Electro-enhanced adsorption of ammonium ions by effective graphene-based electrode in capacitive deionization

Abstract

Capacitive deionization (CDI) offered a promising electrosorption technology for desalination. This study presented the feasibility of CDI for removing and recovering NH4+ from low-strength wastewater. The three-dimensional and porous reduced graphene oxide/titanium dioxide (rGO/TiO2) materials were successfully synthesized and investigated as potential material for CDI system. The structural and electrochemical properties of rGO and rGO/TiO2 composites were analyzed, while the incorporated TiO2 was anatase phase and TiO2/rGO mass ratio 20% delivered the best property.
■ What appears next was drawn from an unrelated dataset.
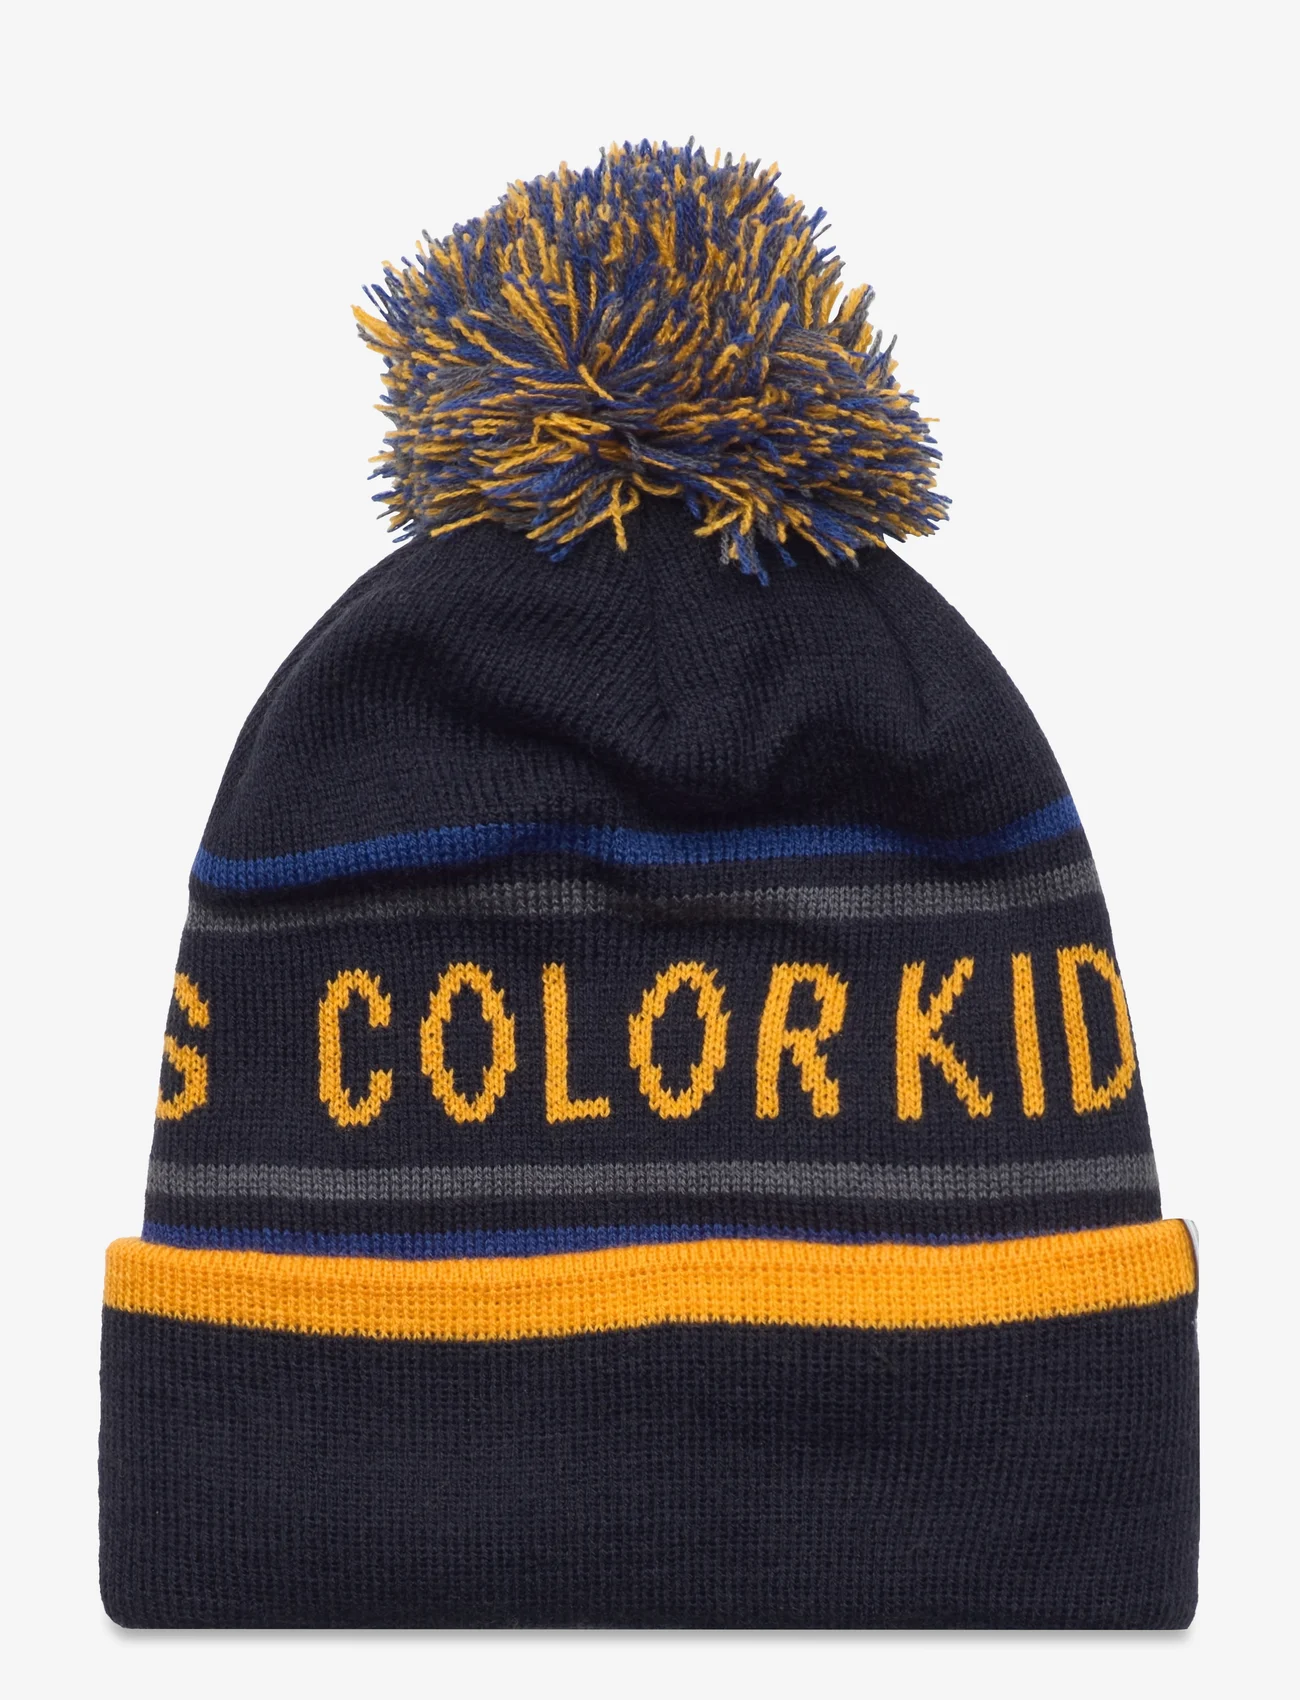 Color Kids - Hat - Logo CK - die niedrigsten preise - limoges - 0

The effects of applied voltage, circulating flow rate, initial NH4+ concentration and regeneration conditions were investigated. The results demonstrated that rGO/20%TiO2 electrode performed much better electrosorption capacity and regeneration ability than the reference electrode (rGO electrode). Furthermore, NH4+ electrosorption onto CDI electrode followed the Freundlich adsorption isotherm and indicated a physisorption process according to kinetic studies. Additionally, hydrated radius and valence notably affected the alternative electro-behavior of CDI. In a co-existed system, electrosorption of ion highly depended on the ion charge rather than hydrated radius.